Computer science theory becomes practice through Hana

While SAP is marketing its own database Hana as a time machine - Realtime Enterprise - some scientists at SAP are trying their hand at serious basic research.

The result is, among other things, a graph engine that provides a database engine based on the principle of graph theory in addition to SQL on the Hana platform. The SAP PAL (Predictive Analysis Library) whitepaper already contains numerous Hana functions that go far beyond the SQL language space.

With graph processing in Hana, however, SAP has gone one step further, because here there is not only the graph engine, but also a compiler for the graph programming language Wipe.

Naturally, graphs are not always better than SQL tables, but many real-life problems can be better represented by graphs or are intuitively already available as graphs anyway. Perhaps the best known example is the Travelling Salesman problem.

A traveling salesman has to visit certain places and tries to optimize the route. The places are the nodes of the graph and the connecting lines - roads, airways, etc. - between the nodes are the edges.

Mostly one uses directed edges. In the colloquial language called arrows, with it one can indicate that not only two places are connected by a link, but also how and whether one can get from one to the other place.

The theory deals with both directed and undirected graphs.

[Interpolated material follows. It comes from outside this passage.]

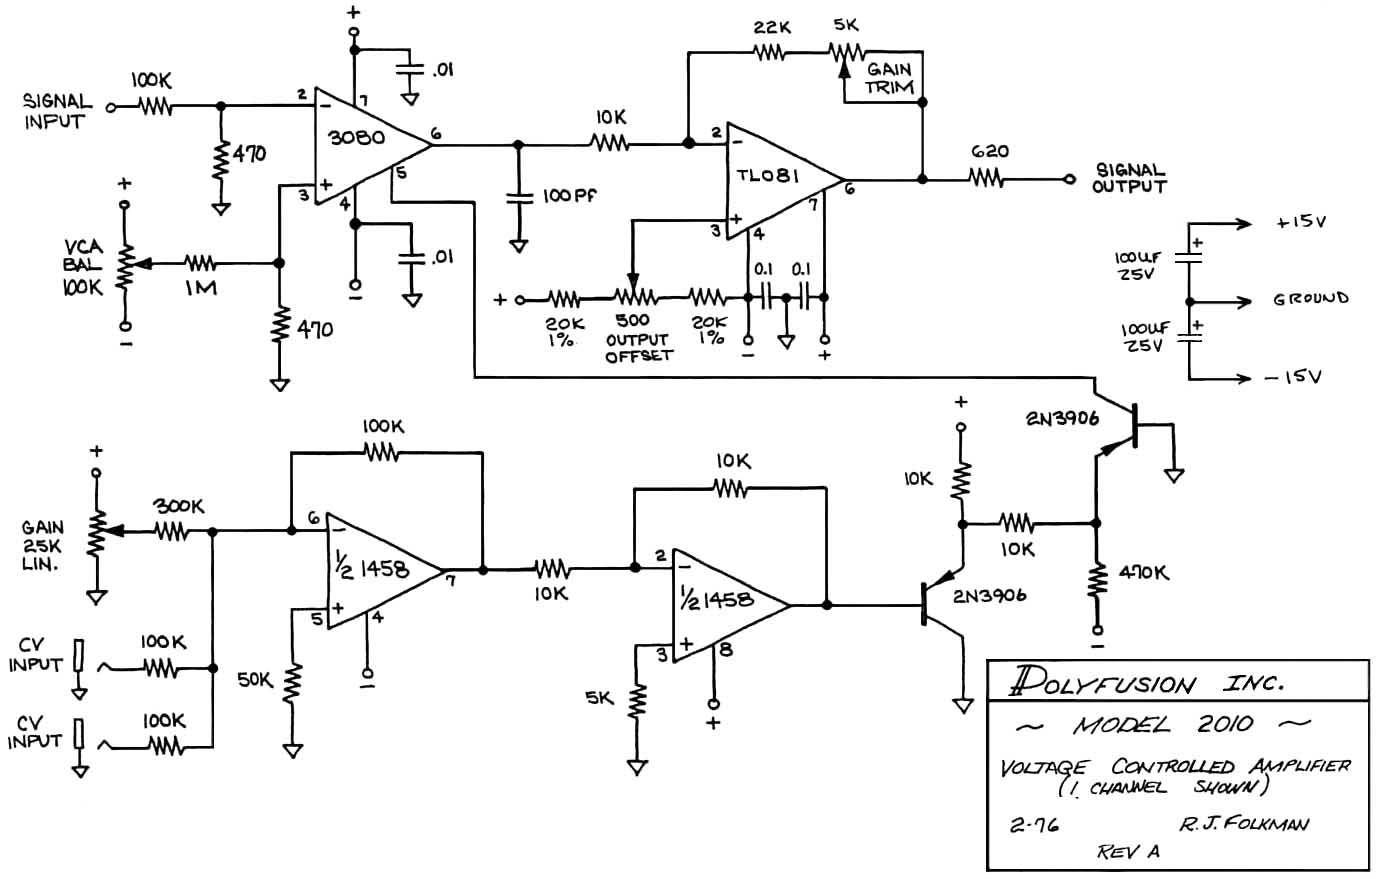 Схема Polyfusion - 2010 Voltage control amplifier

At the beginning, graph theory is very intuitive: A complex road system can be represented very well as a graph.

Now, if this system is located on the two land sides of a river and there is only one bridge connecting these two subsystems, then the graph theorist also speaks of bridge. As a database engine, predominantly directed edges are used, which thus define relationships between the nodes.

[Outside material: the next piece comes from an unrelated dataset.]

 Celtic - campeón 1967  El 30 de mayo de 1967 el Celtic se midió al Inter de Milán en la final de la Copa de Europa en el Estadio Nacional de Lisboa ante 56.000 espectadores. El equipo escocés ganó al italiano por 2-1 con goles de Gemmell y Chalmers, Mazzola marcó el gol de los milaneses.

Accordingly, a graph is the general name for an abstract structure that represents a set of objects together with the connections that exist between those objects, referred to in mathematics as nodes and edges.

Both the nodes and the edges can have properties. Graphs are usually represented by individual circles connected by lines. Other illustrative examples are family trees, mind maps or the subway network of a city.

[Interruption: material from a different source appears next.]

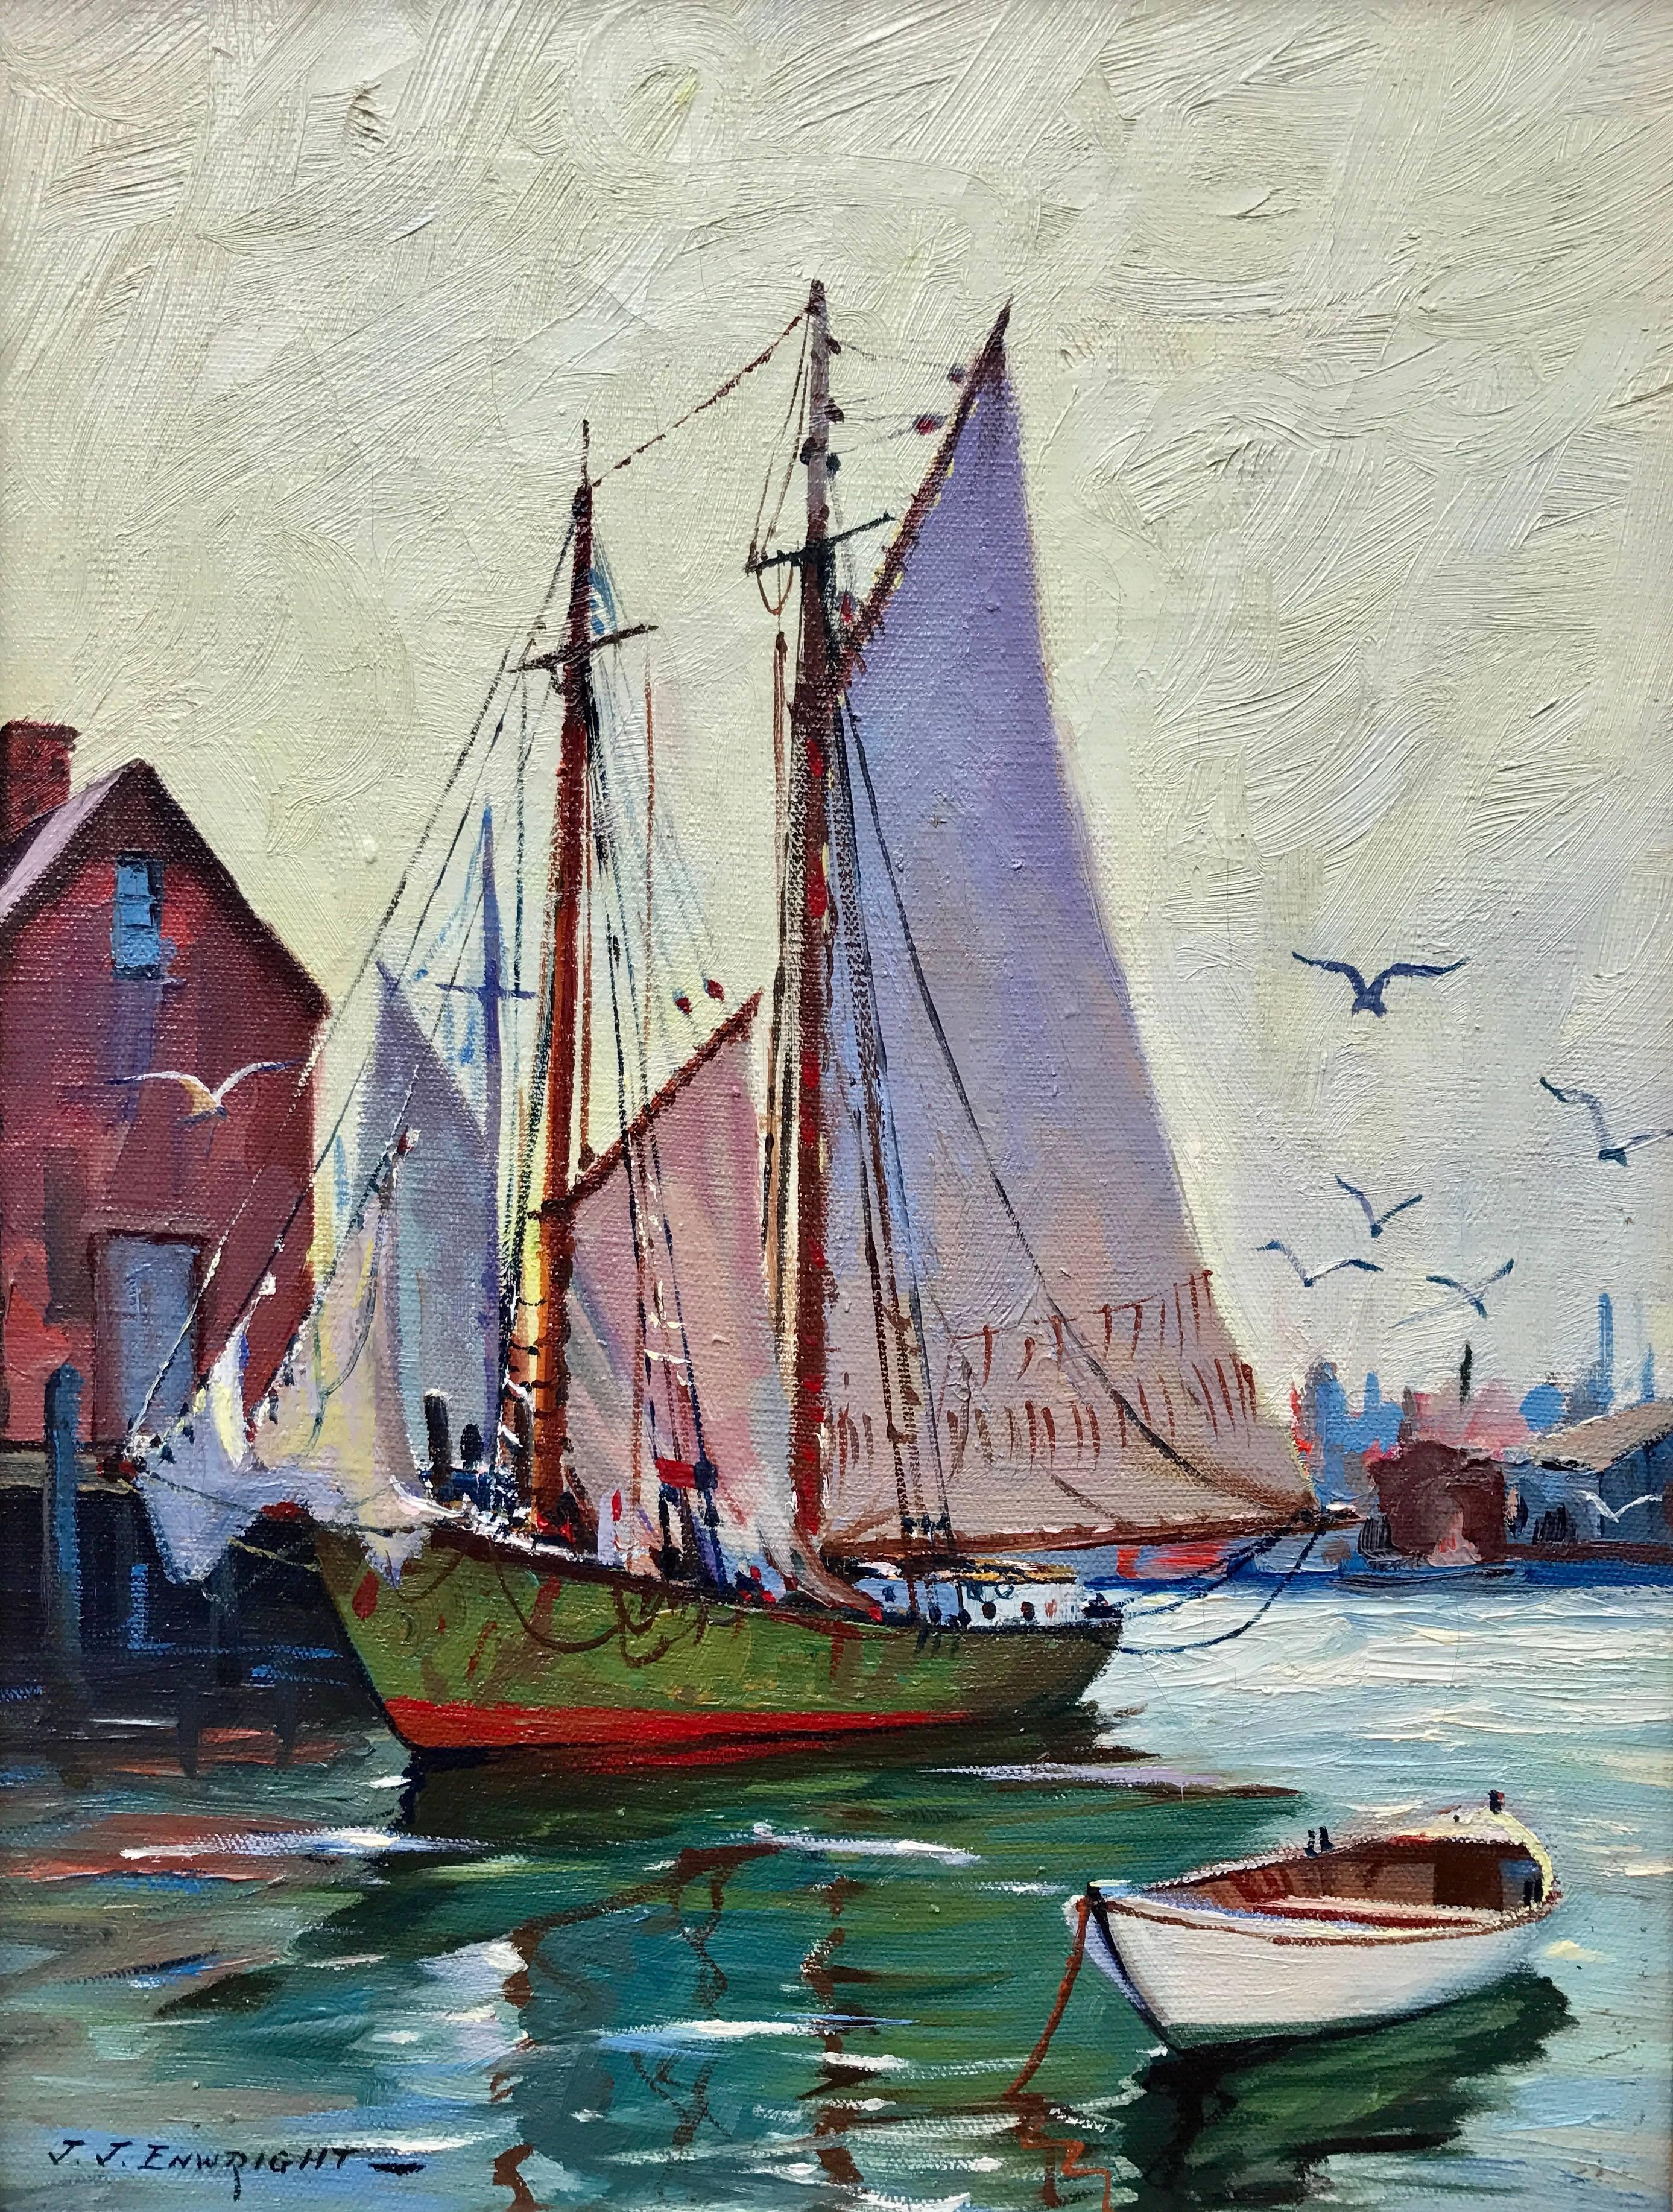 C. Hjalmar Amundsen Landscape Painting – "Gloucester Dockside"

In a graph database, data can be stored, managed and queried in the form of graphs. They are particularly well suited to displaying highly interconnected and unstructured information in a descriptive manner.

This is because they attach equal importance to the stored data (for example, customers or products) and the relationship between these data (for example, "who buys what" or "which purchase took place first"). So these relationships are no longer dismissed as mere metadata, but rather are at the heart of the model.

Graph databases support myriad of these directed relationships between instances. This creates an extensive semantic context for the data. Connections and dependencies in networks of people, but also product networks, such as telecommunications systems or the ever-growing Internet of Things, can thus be specified extensively. Based on this, new services can be developed or existing ones improved.

The Hana platform offers the possibility to build a graph database. For this purpose, there is the self-developed programming language Wipe, which is still in a closed ramp-up status. It is therefore possible that product names may still change until the final release.

The Graph community among Hana experts and among partners and existing customers is still very manageable. It remains to be seen whether this approach can become a mainstream movement in the ERP environment.

The fact is, however, that many analytical and Big Data problems from real life can be mapped very elegantly with a graph database. Wipe and the Hana Graph Function Library should therefore have a permanent place in the area of predictive analytics.